Rebellions have been quashed through bloodshed, blockades, and subterfuge. Rough and Ready fretted over its liquor supply.
Nestled in the foothills northeast of Sacramento, The Great Republic of Rough and Ready was established on this day in 1850 by gold miners fed up with taxation and lawlessness.
The tiny new nation — whose peculiar name was borrowed from a nickname for Zachary Taylor, America’s 12th president — adopted a constitution, chose a president, and formed a cabinet. Its sovereignty would be defended, a manifesto declared, “peacefully if we can, forcibly if we must.”
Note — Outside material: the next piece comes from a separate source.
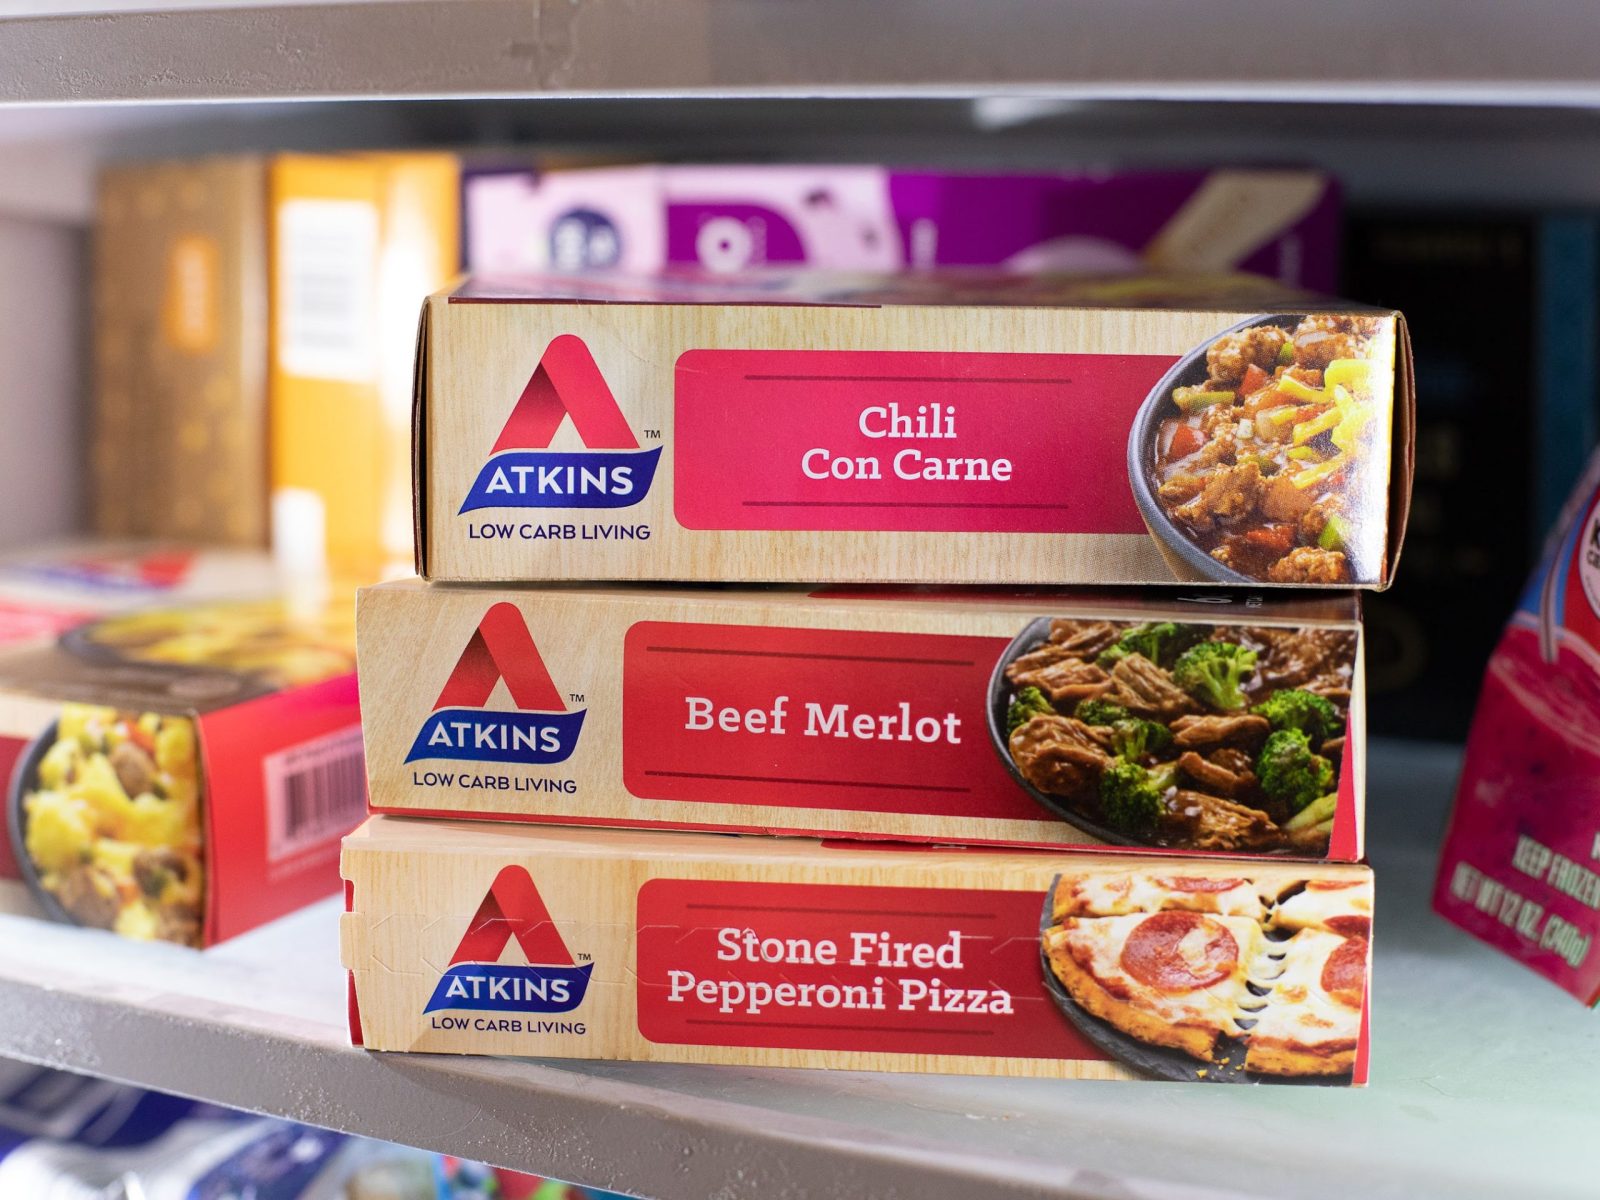 Atkins Entrees As Low As 29¢ At Publix

Historical records, which are scant, suggest Rough and Readyans lost heart pretty much immediately. As July Fourth approached, residents realized they’d miss out on the festivities. More urgently, according to some accounts, saloons in neighboring towns refused to sell drinks to foreigners. So on Independence Day, an emergency meeting was held and Rough and Ready called the whole thing off. Just 12 weeks after its formation, a historian wrote in 1880, “The State of Rough and Ready vanished like the mist.”
The scrappy spirit behind the secession, however, never died. More than a century and a half later, Rough and Ready’s Secession Days festival, celebrated every June, is the town’s biggest event of the year.